Market Minute: Why strong earnings aren’t moving markets anymore
Markets remain near record highs despite rising geopolitical tensions, persistent inflation concerns and growing scrutiny of AI valuations.
Mark LaMonica: Welcome to another edition of Market Minute, joined by Ameya today. And one of the things last week that investors were very focused on was Nvidia earnings. So maybe a recap of how those earnings came in and then how the market reacted.
Ameya Hattangadi: Nvidia reported last week on their quarterly results. Their quarterly earnings were up 85% year on year. One of the biggest standouts was their results from the data center revenue that was up, you know, $75 billion. So a very strong result for Nvidia over the quarter. But I thought what was most interesting was the market reaction to this. You saw not a very large move over last week.
And this is instructive because it really indicates the market’s sense or the market’s feeling for valuations in that AI space. I think what’s happening is that markets are becoming sensitive to valuations, particularly in AI. So even though you’re seeing very strong results from these market leaders, it isn’t really impacting prices as much as maybe in the past. One way to interpret this is that markets are or investors are thinking less about these micro factors and a bit more about broader macro themes.
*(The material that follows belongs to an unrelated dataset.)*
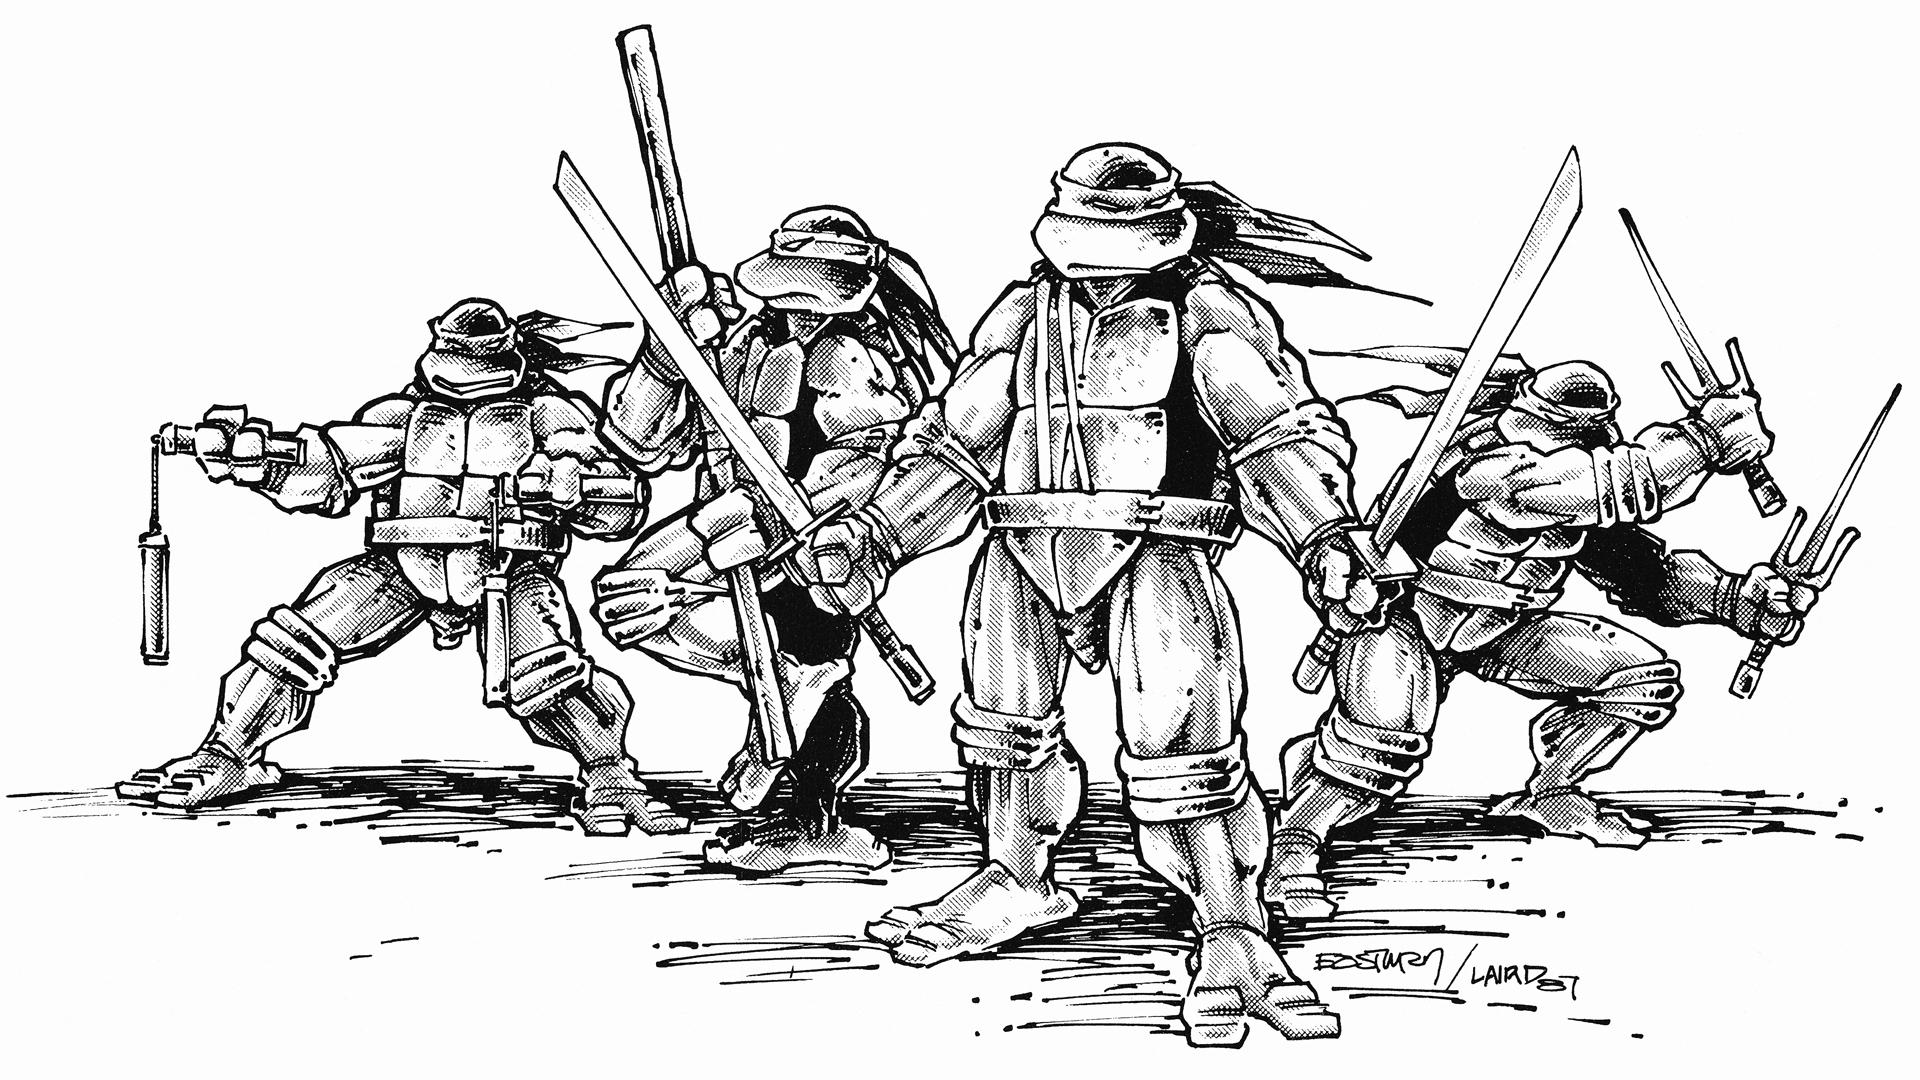 1920x1080 Teenage Mutant Ninja Turtles Zoom Comics

There’s a lot going on in the markets at the moment, and there is a dispersion between the mega cap AI names and the smaller companies. So you’re seeing this big dispersion. And I think what’s driving this dispersion is of course what’s happening in the AI space, but also what’s happening more globally.
Mark: So where do you think we go from here? Because you know, we obviously, you know, you’re pointing out that this is a narrow market. It’s been a narrow market rally. Those individual results aren’t moving things as much. So is it maybe these macro factors? So you know just today there’s been more news out of Iran. There certainly is a lot of talk about inflation and interest rates.
And where do you think things are going to go from now? What’s going to be the driver of markets going forward?
Ameya: In the short term, of course, there’s a lot of volatility, and I think a lot of that’s been driven by what’s happening, of course, in Iran and the flow-on impacts of inflation and also how that impacts interest rates and expectations for central bank action in terms of what might happen in the near term. I think, frankly, it’s anybody’s guess and we’re more focused on the long term.
But if you look at the possible scenarios of what could happen, I think we’re at a moment where the cone of outcomes is very wide. So you could see a scenario where everything is really good. Things go back to normal. We revert to a scenario where AI and earnings tend to dominate market prices. And we basically forget about what’s happened in Iran.
And things could get really rosy. But at the same time, I could envision a scenario where things get really bad from here, where the supply shock that we’ve seen in Iran at the moment, or currently seeing, gets much worse, continues to impact inflation, and then that’ll have a flow-on impact to rates and equities as well. You know, what’s most interesting to me is that if you look at the S&P 500 today, it’s at or close to all-time highs.
It seems like there’s a bit of a disconnect between how the markets are reacting to what’s happening in the AI space, but also what’s happening in this more macro thematic space at the moment. So with respect to Iran and interest rates and those sorts of expectations.
Mark: So this seems very challenging. You know, you’ve talked about high valuations. You’ve talked about obviously all of these macro things going on in the world. What should an investor do? What should an investor focus on when you have so many headlines and worries? And yet, as you said, the market is doing well. What should an investor do with this environment?
Ameya: I think there’s a bunch of things that investors can do. One of the main things that we tend to focus on here at Morningstar is this idea of diversification. And you want to be intentional about your diversification. So in the past, having a broadly diversified portfolio with equities and fixed income might have been perfect. It would have helped you.
Bonds would have behaved in a way that you might have expected, and in the past would have provided that negative correlation to equities. I think where we stand today, it’s not that simple because as we’ve seen in 2022, as we’ve seen earlier this year, you’ve had periods where bonds and equities sell off together. So this idea of diversification from bonds is more nuanced today than it has been.
So the way that we’re approaching this and would recommend investors think about diversification is to broaden out what they include in their portfolios, to ensure that portfolios in the long term meet their target objectives. So that’s one of the key things. And I think the other aspect investors should focus on is thinking about the long term.
Volatility is part and parcel of being invested. Of course, there are times when volatility is higher, as we’re seeing now, compared to other periods where volatility is lower. And so when you consider stocks, for example, that we include in our portfolios, they have been some consumer-facing stocks. And these stocks are currently underpriced, we think, because they’ve been hit by a lot of concerns on, you know, what’s happening with geopolitics, inflation, cost of living pressures, and a slowdown in China.
But if you look at the underlying earnings capacity of these businesses, these are well-branded businesses. They are known brands — LVMH, Burberry, Nike — that we think over the long term will remain as such and will ride out that volatility and in the end benefit investors.
So diversification and thinking long term and focusing on underlying fundamentals we think are some of the key things to think about.